Starting point is 00:17:27 The against the team statistics are the greatest example, I would say, in the entire sport of random numbers being compiled to form a narrative. There is the occasional case where I might buy the Kyle Farnsworth revenge scenario. When I was growing up, for instance, there was a Kevin Mitchell San Diego revenge hypothesis that was pretty well accepted. and there's the occasional scenario where I might accept the ballpark suits a player, or even I might accept, for instance, Will Clark used to do great in the Astrodome. His dad would be in the crowd. Fine, I'll give you one of those every 10 years or so, but otherwise there's nothing about a team that is unifying. What if there's a team that's really good at advanced scouting
Starting point is 00:18:32 and somehow picked up on this guy's tell or something, he's tipping his pitches, or they're better than every other team at assessing what pitch and what location would get him out? This guy specifically. So it's not that they're better at advanced scouting. They are just better at advanced scouting this one person? Yes.
Starting point is 00:18:53 They had a scout who, for some reason, picked up on this guy's kryptonite and no one else noticed. Yeah, I'm not mocking the premise. I just wanted to make sure I'm understanding you correctly. Because if they were just better at advanced scouting overall, we would not notice the anomalies. They would just be the best team. So if they were,
Starting point is 00:19:14 that wouldn't... The thing is that nobody stays with a team for very long anymore. Whatever book is on a player gets quickly spread around the league. Guys change teams all the time. Coaches change teams.

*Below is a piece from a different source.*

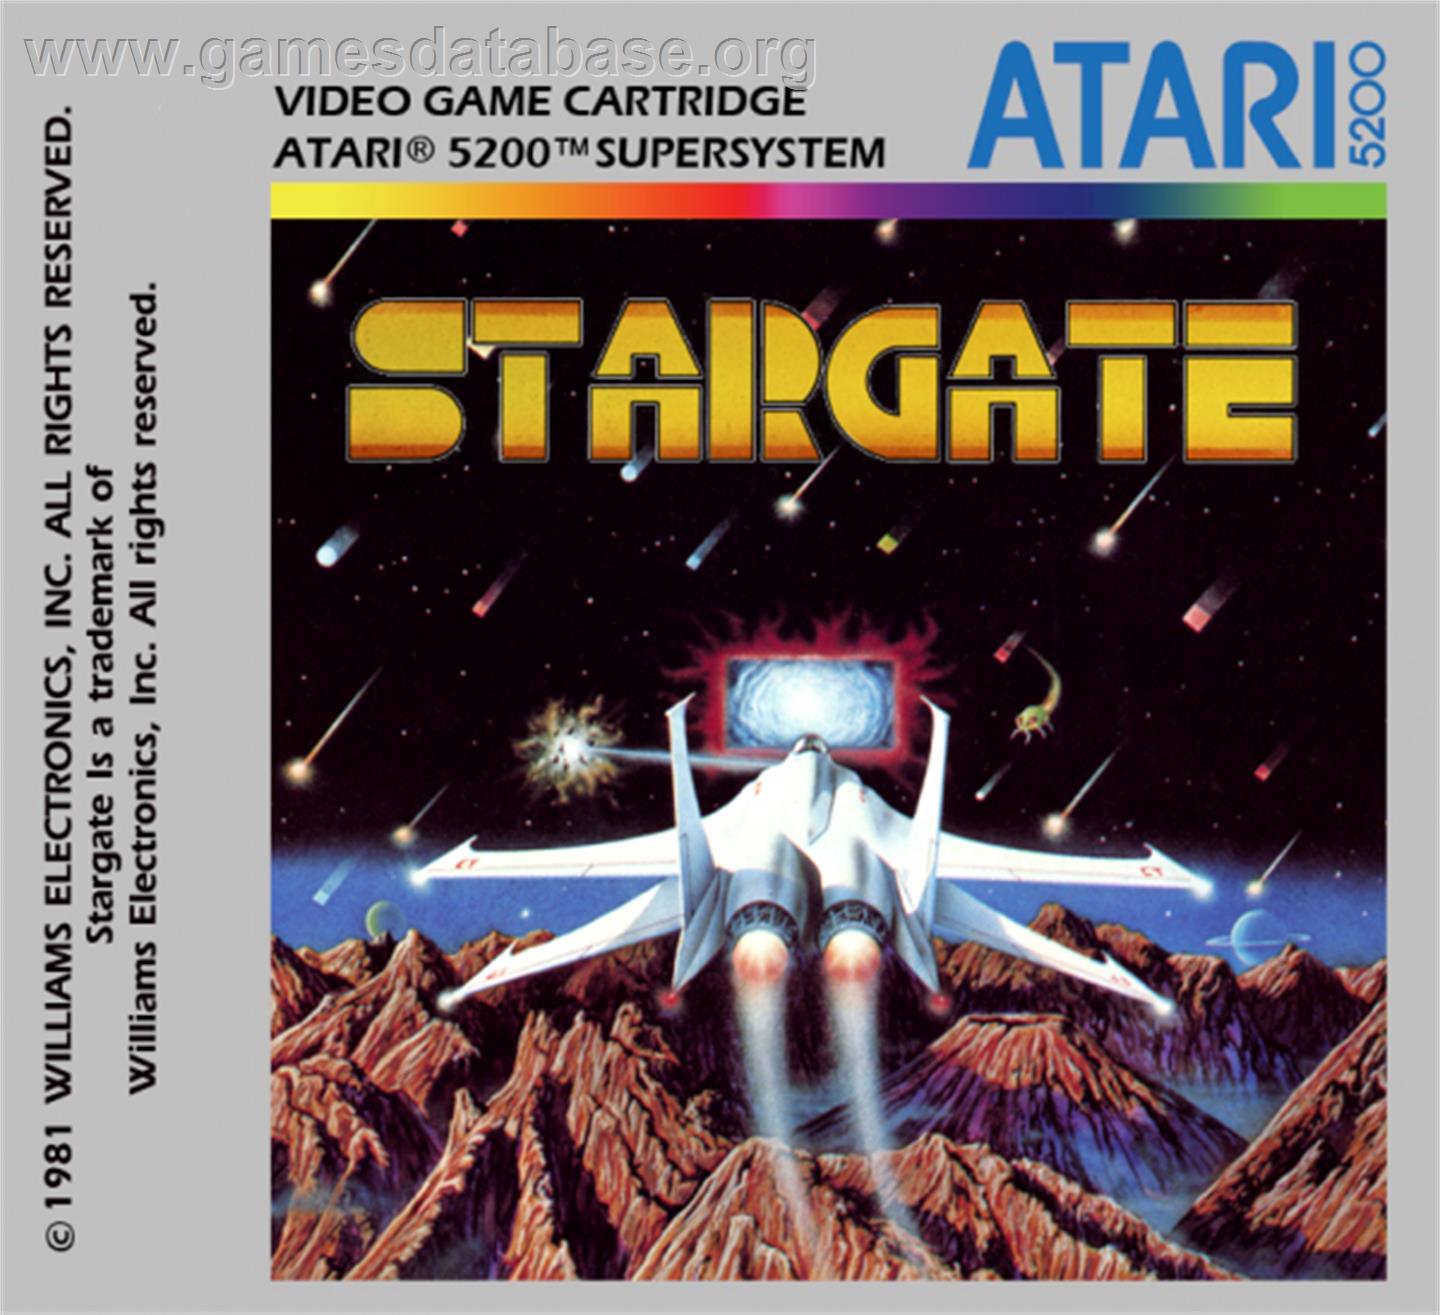 Stargate - Atari 5200 - Artwork - Cartridge Top

Starting point is 00:19:30 Scouts change teams. Everybody's changing teams. So for the sort of numbers that you would even start paying attention to, we'd be talking about probably four, five, six seasons minimum. And by that point, the information would be well dispersed throughout the league. Okay, so that's Mike's answer. Not only is the versus team split worse, it is 10,000 times worse. 10,000 times worse than a stat that is already usually meaningless, if not always.
Starting point is 00:20:02 So don't like, yeah. That is already usually meaningless, if not always. I also don't like that. I actually, I would buy the in a ballpark split before I would buy the in a team split. And I am not in the habit of buying the in a ballpark split. The in a ballpark split, at least there is some intuitive sense to why it might matter. But of course the problem is then you have half the sample when you're talking about this. Great. Okay, let's do one more before play index.

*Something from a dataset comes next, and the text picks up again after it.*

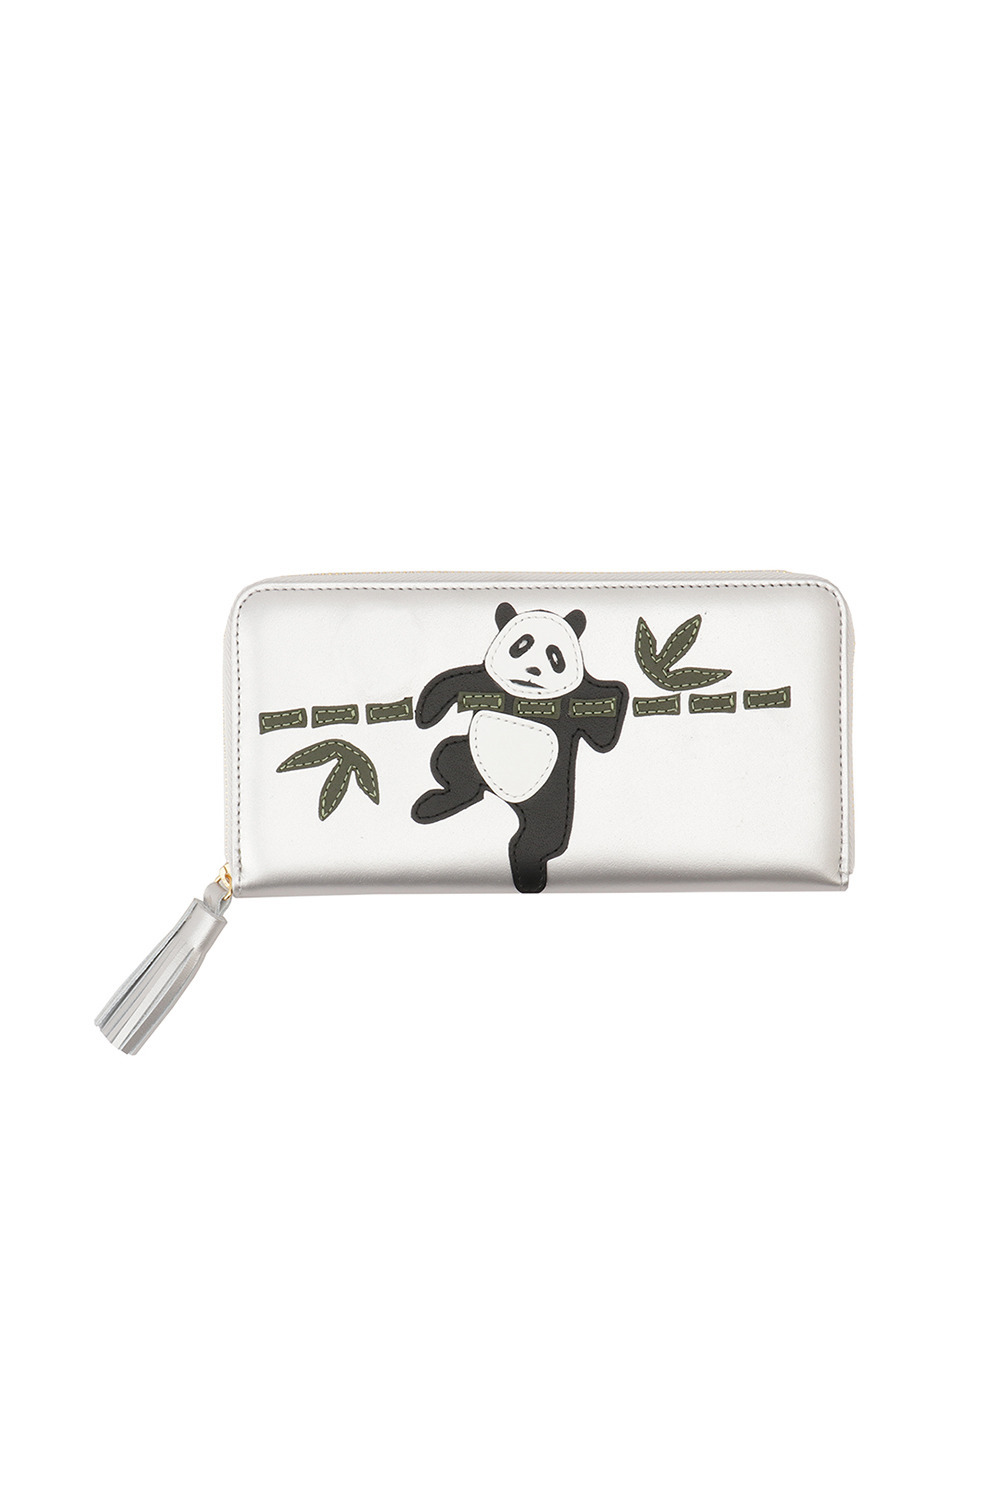 Bamboo PANDA large wallet 詳細画像 シルバー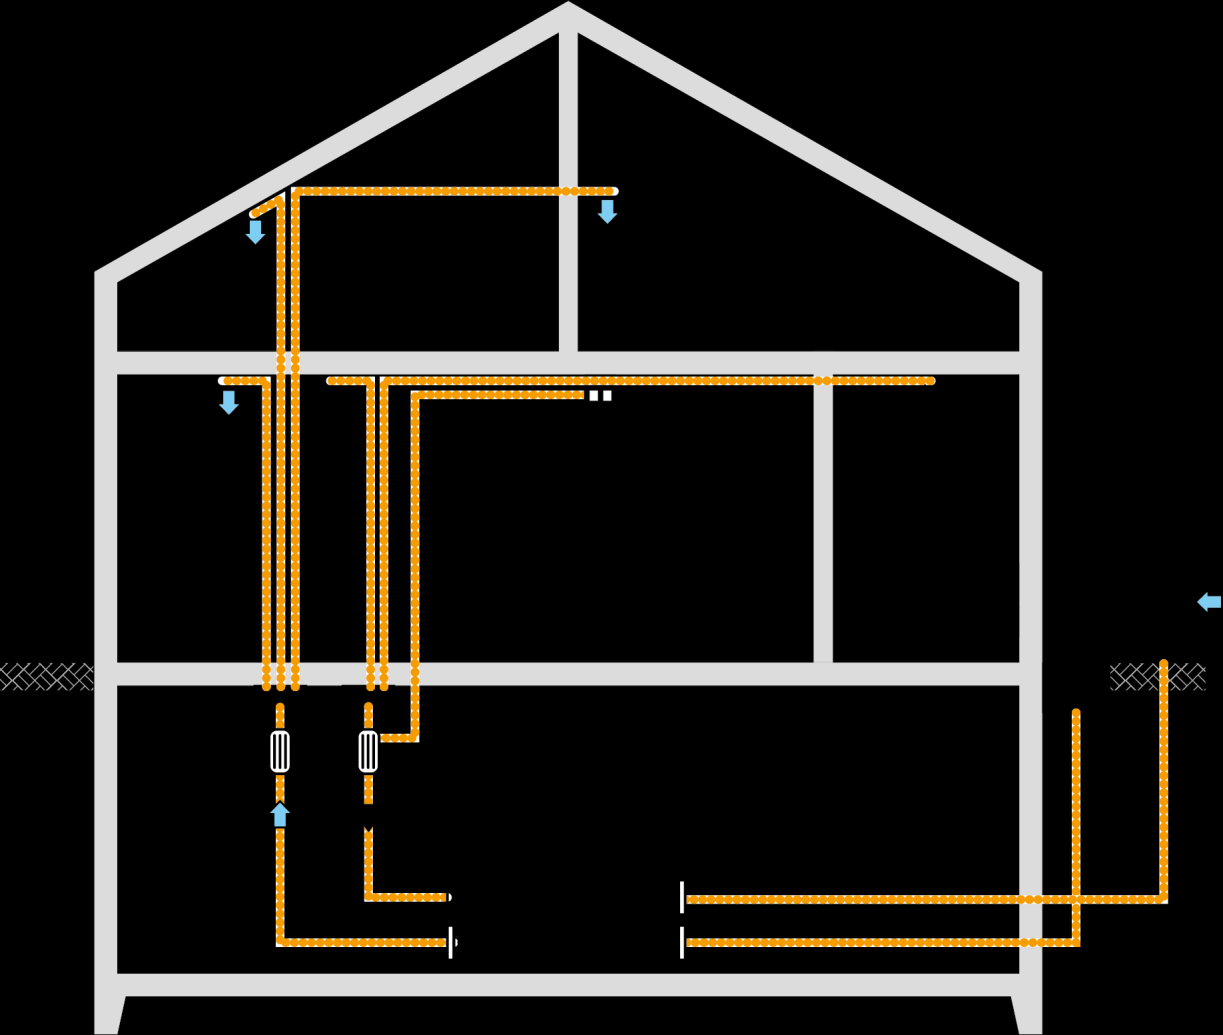 Lufttechnische Anlagen / 25-15de Brandschutzklappe vor Wand / Decke Bekleidung oder Gehäuse mit gleichem Feuerwiderstand wie brandabschnittbildender Bauteil Dehnungsstutzen Durchführung durch

Starting point is 00:20:37 This one comes from, I'll say Jonathan's question. Jonathan says part of the Brewers' success this year has been having a rotation of two to three win guys, average plus to use Joshian's term, eat innings and keep them basically in every game. It seems like many teams take more of a stars and scrubs approach with one or two terrific pitchers and a few back end guys whom they hope will not fall off a cliff when it is their turn. None of the Brewers' pitchers is great, but they also rank high in both quality starts and game score average, which day in, day out is something most ball clubs would seem to find very valuable,
Starting point is 00:21:15 even if the skills basis for those accomplishments is debatable. I recognize that success in the postseason is another matter, but if you were constructing a rotation to get to the postseason and you had a choice to make, would you prefer a rotation whose talent is distributed fairly equally across the board or with the more common one and two than four and five sort of approach?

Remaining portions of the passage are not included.